*** Opening Provided data ***

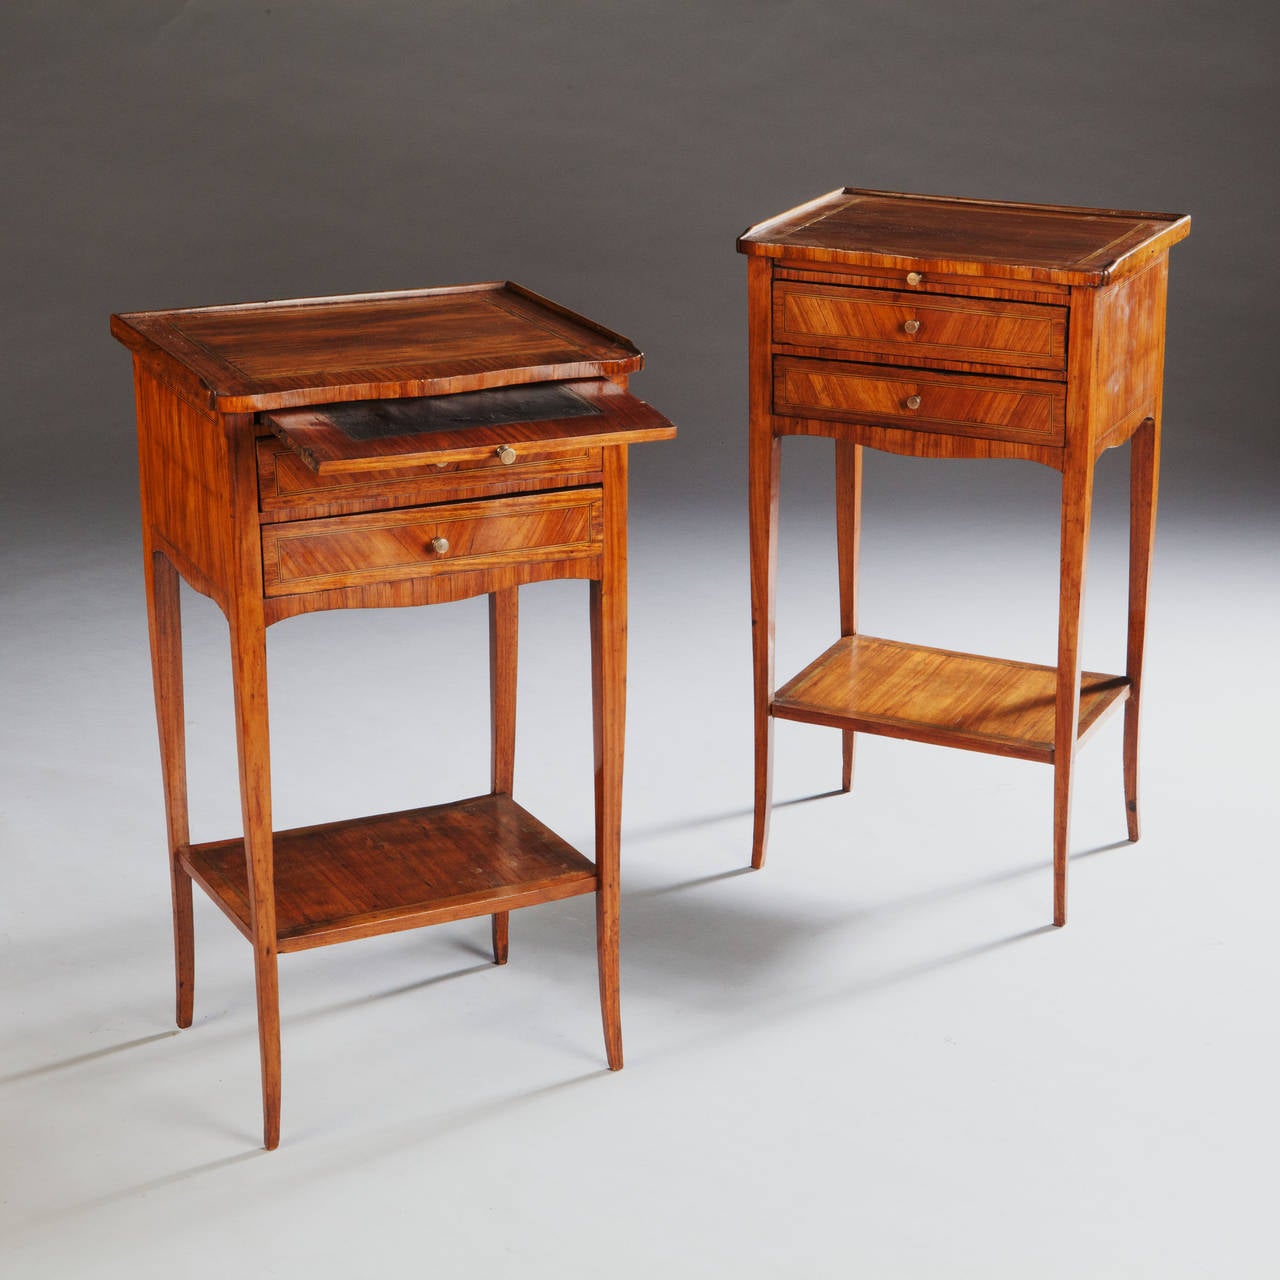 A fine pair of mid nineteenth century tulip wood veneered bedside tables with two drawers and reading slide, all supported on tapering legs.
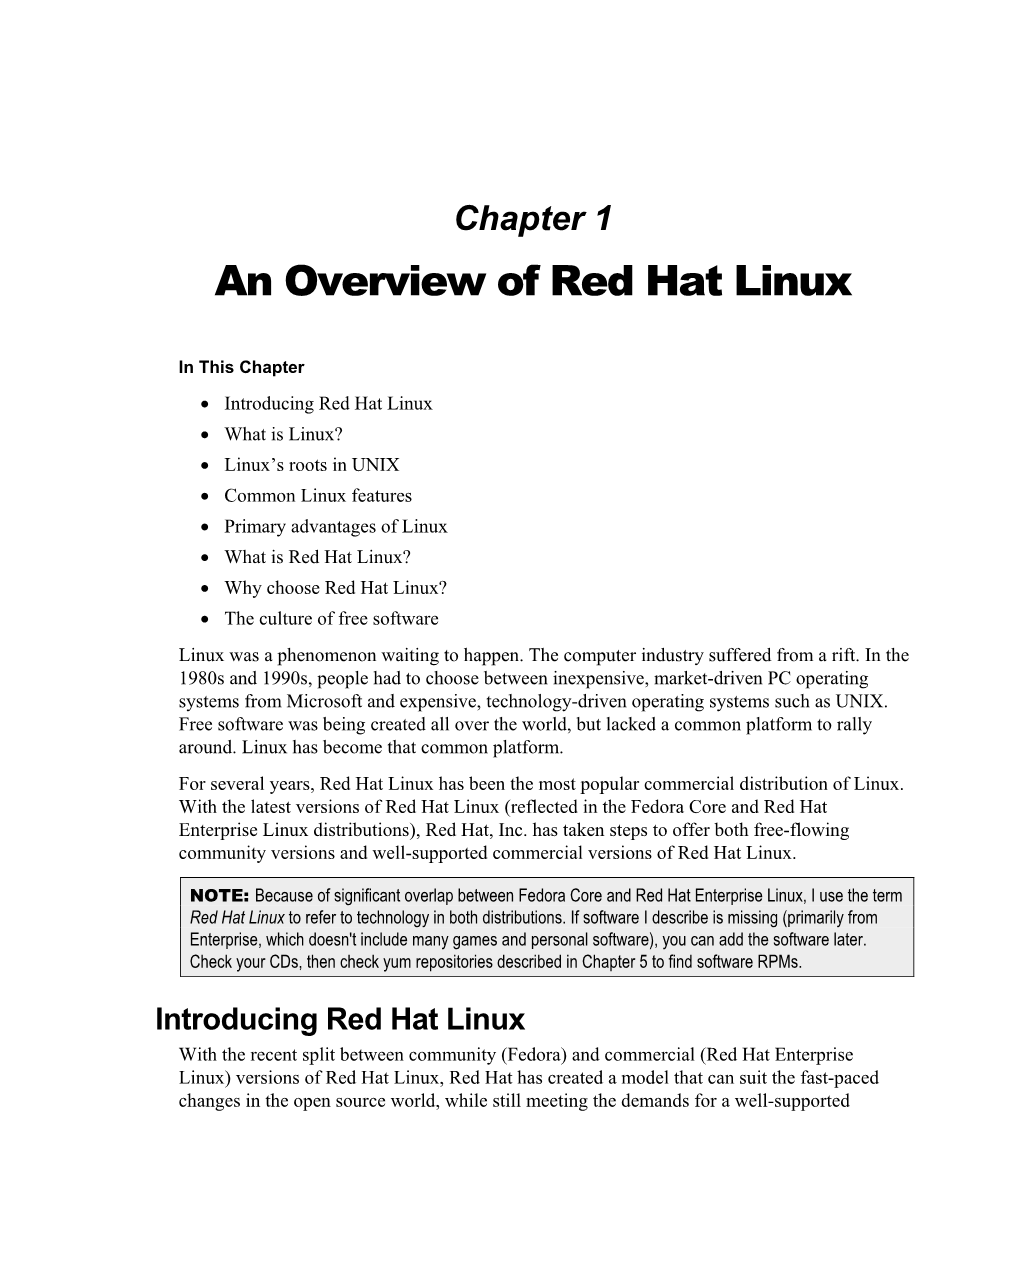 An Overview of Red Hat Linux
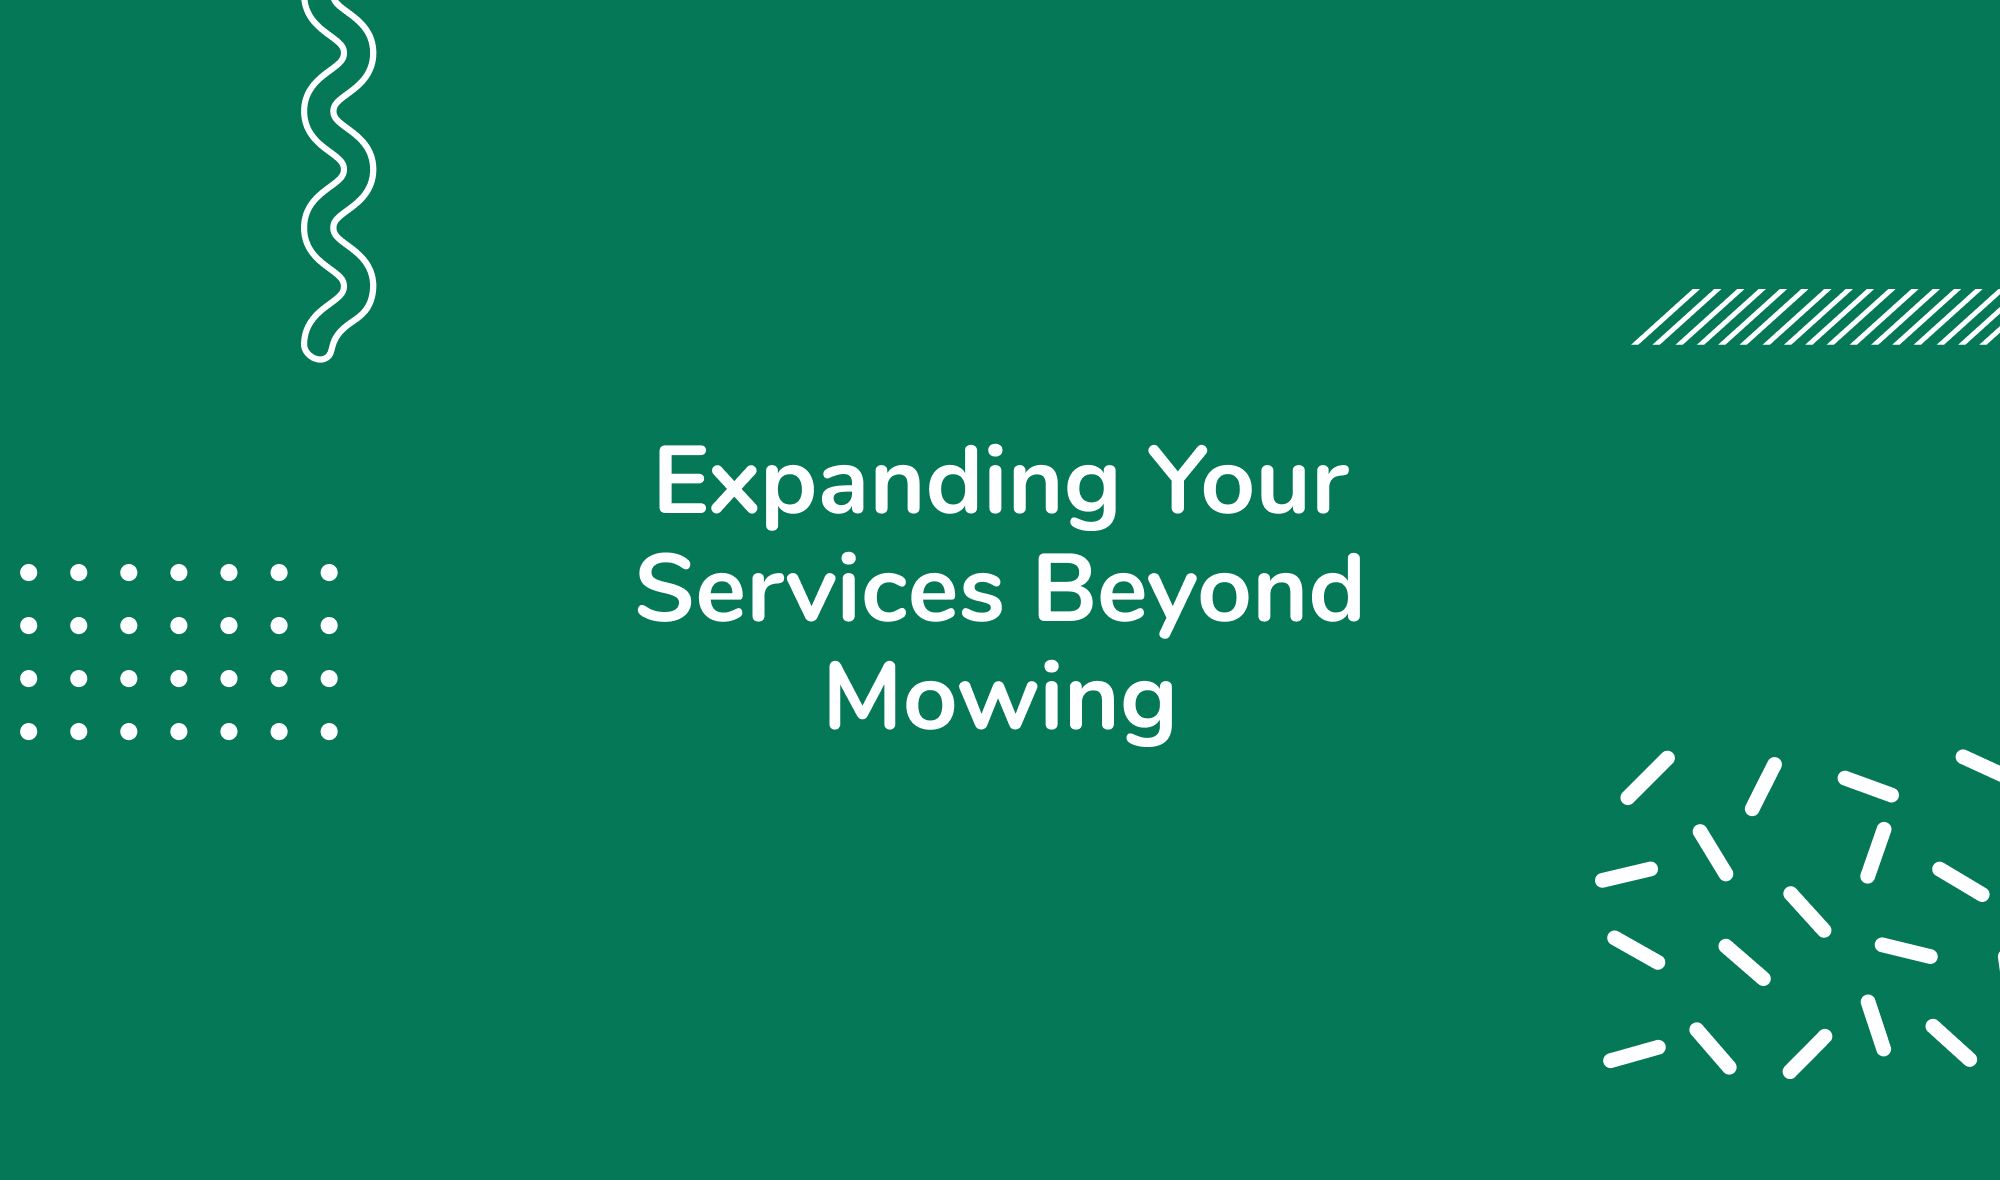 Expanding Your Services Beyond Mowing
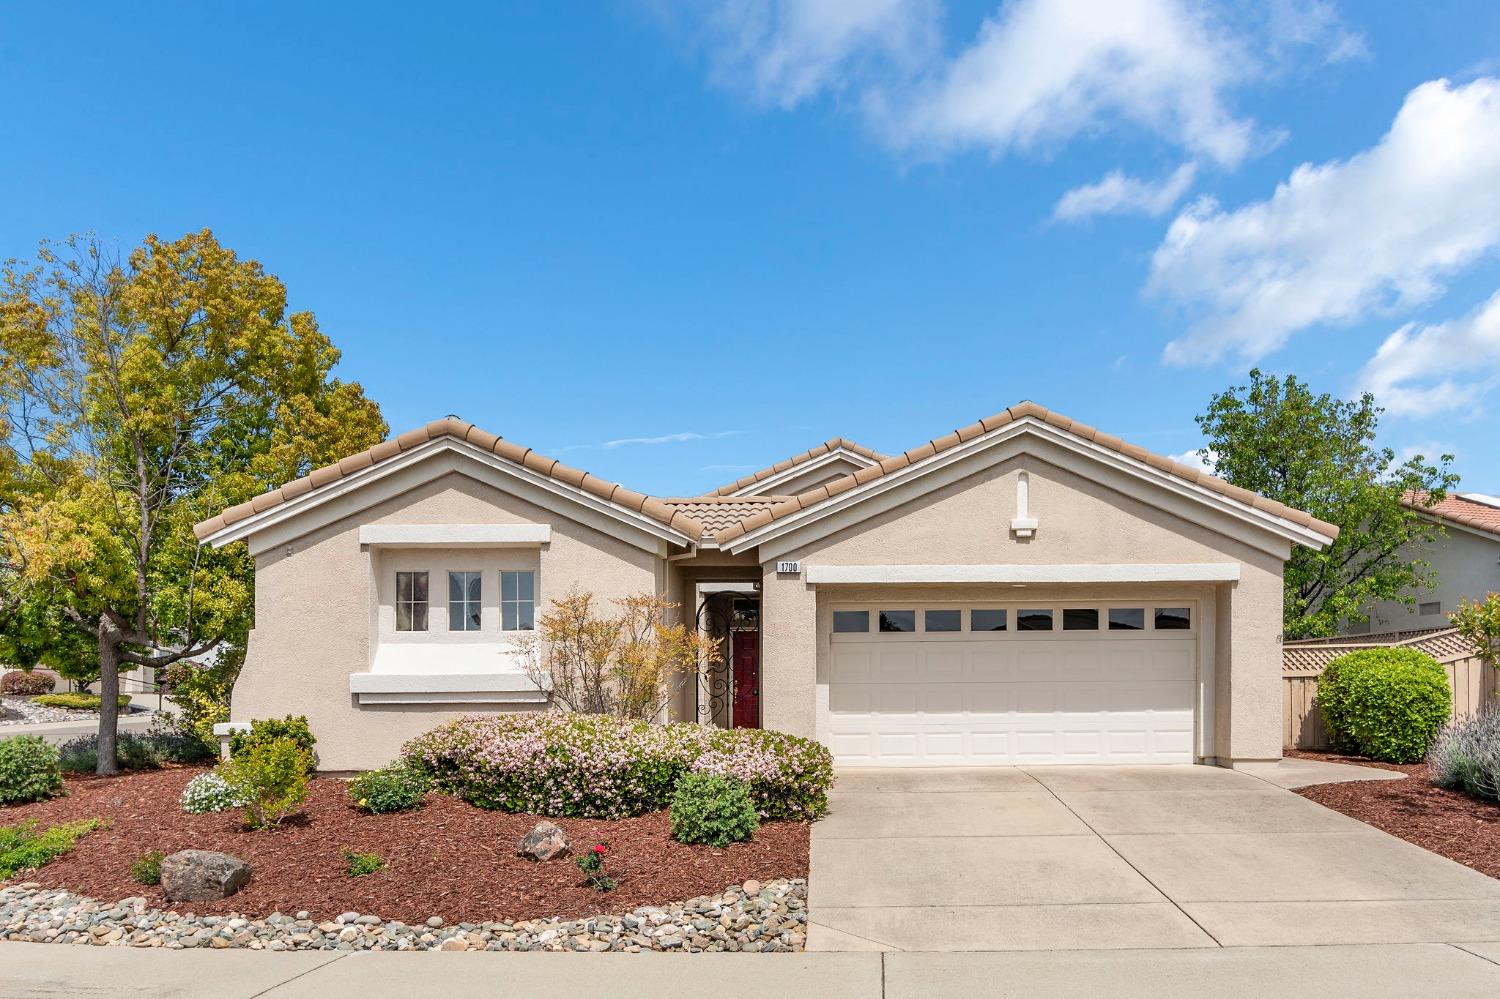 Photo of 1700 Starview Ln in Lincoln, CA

*** Closing Provided data ***

The data above are to be repeated word for word, with any pictures left out.

 A fine pair of mid nineteenth century tulip wood veneered bedside tables with two drawers and reading slide, all supported on tapering legs.
 An Overview of Red Hat Linux
 Expanding Your Services Beyond Mowing
 Photo of 1700 Starview Ln in Lincoln, CA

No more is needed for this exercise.